Perhaps, I console myself, not all of them are homeless, but simply extremely poor. Perhaps someone has both a bed and a bath, and the ability to dry clothes. But the other part is definitely devoid of this! Deprived of what many of us take for granted. But is there so much personal merit in this comfortable position of ours? And is there so little in this series of good accidents? Vitaly told me: “You see, I would just like to lie down and sleep normally. Just sleep, you know? " And large tears appeared in his eyes again. I nodded. Well, what was I to answer him? That I have no idea about the slightest part of the trials that befell him?
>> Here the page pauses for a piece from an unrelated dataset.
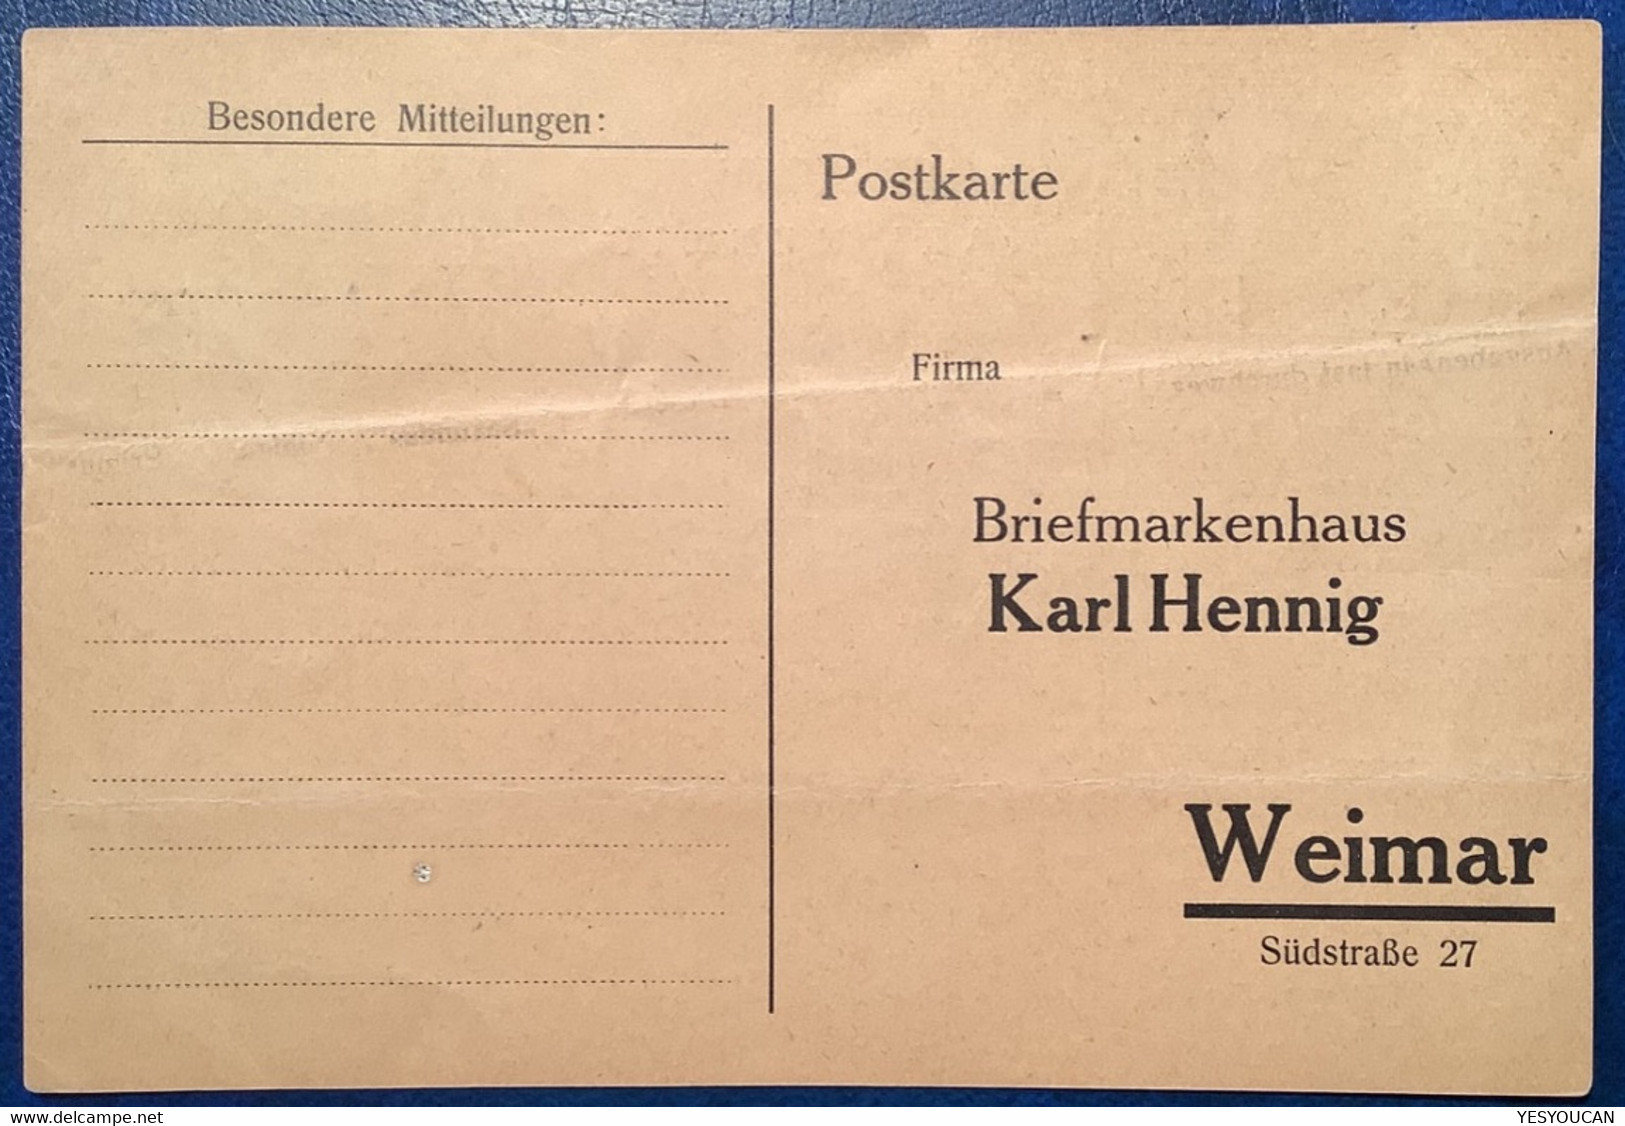 KARL HENNIG WEIMAR BRIEFMARKENHÄNDLER Werbung-Aufdruck 1923 D.R Infla (German Stamp Dealer Publicity Label Germany - Nuevos
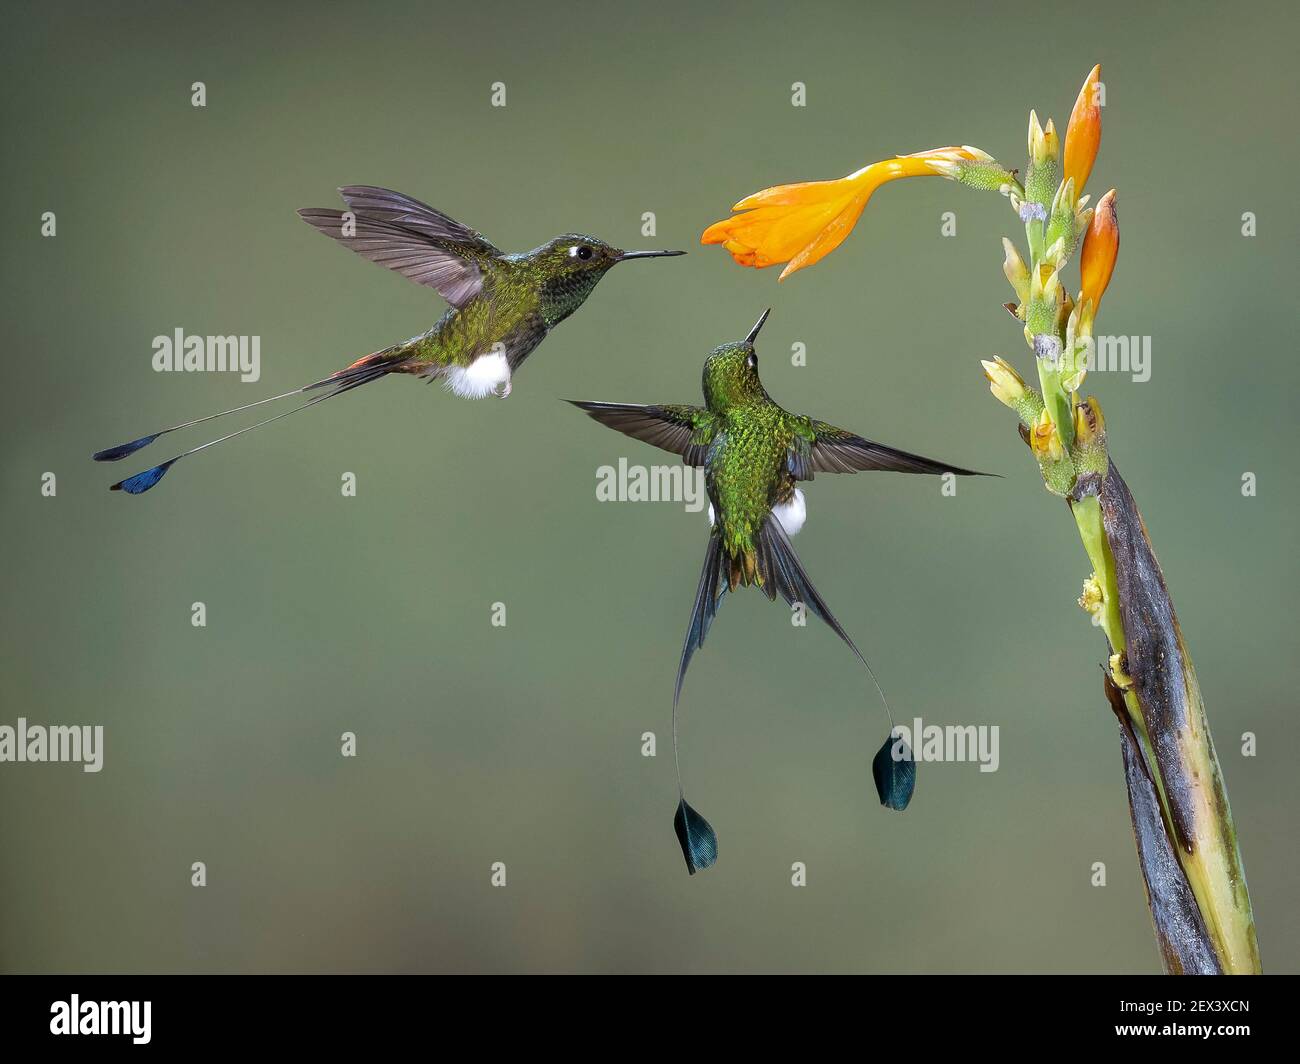 Queue de raquette amorçée (Ocreatus underwoodii), deux oiseaux se nourrissant de fleurs, Tandalapa (Équateur) Banque D'Images

Someone thanked us. Few, yes, but warm and sincere. Someone just nodded, while others took in silence and gave way to the next. And some remained dissatisfied - give me some more bread, but not that white one, and then, without candy, why, no, I don’t need this ... It seems that the attitude towards the world does not depend in any way on social status.

After the meal, distribution of soap, shampoo, disposable razors, warm clothes and socks began. With each new approach to our table, the discipline was loosened more and more, and chaos won the order established by Dima in the distribution of socks and things. Homeless people were already not only on the other side of the table, but also on this side, trying to somehow bypass their comrades to talk with other volunteers and get what they needed without queuing.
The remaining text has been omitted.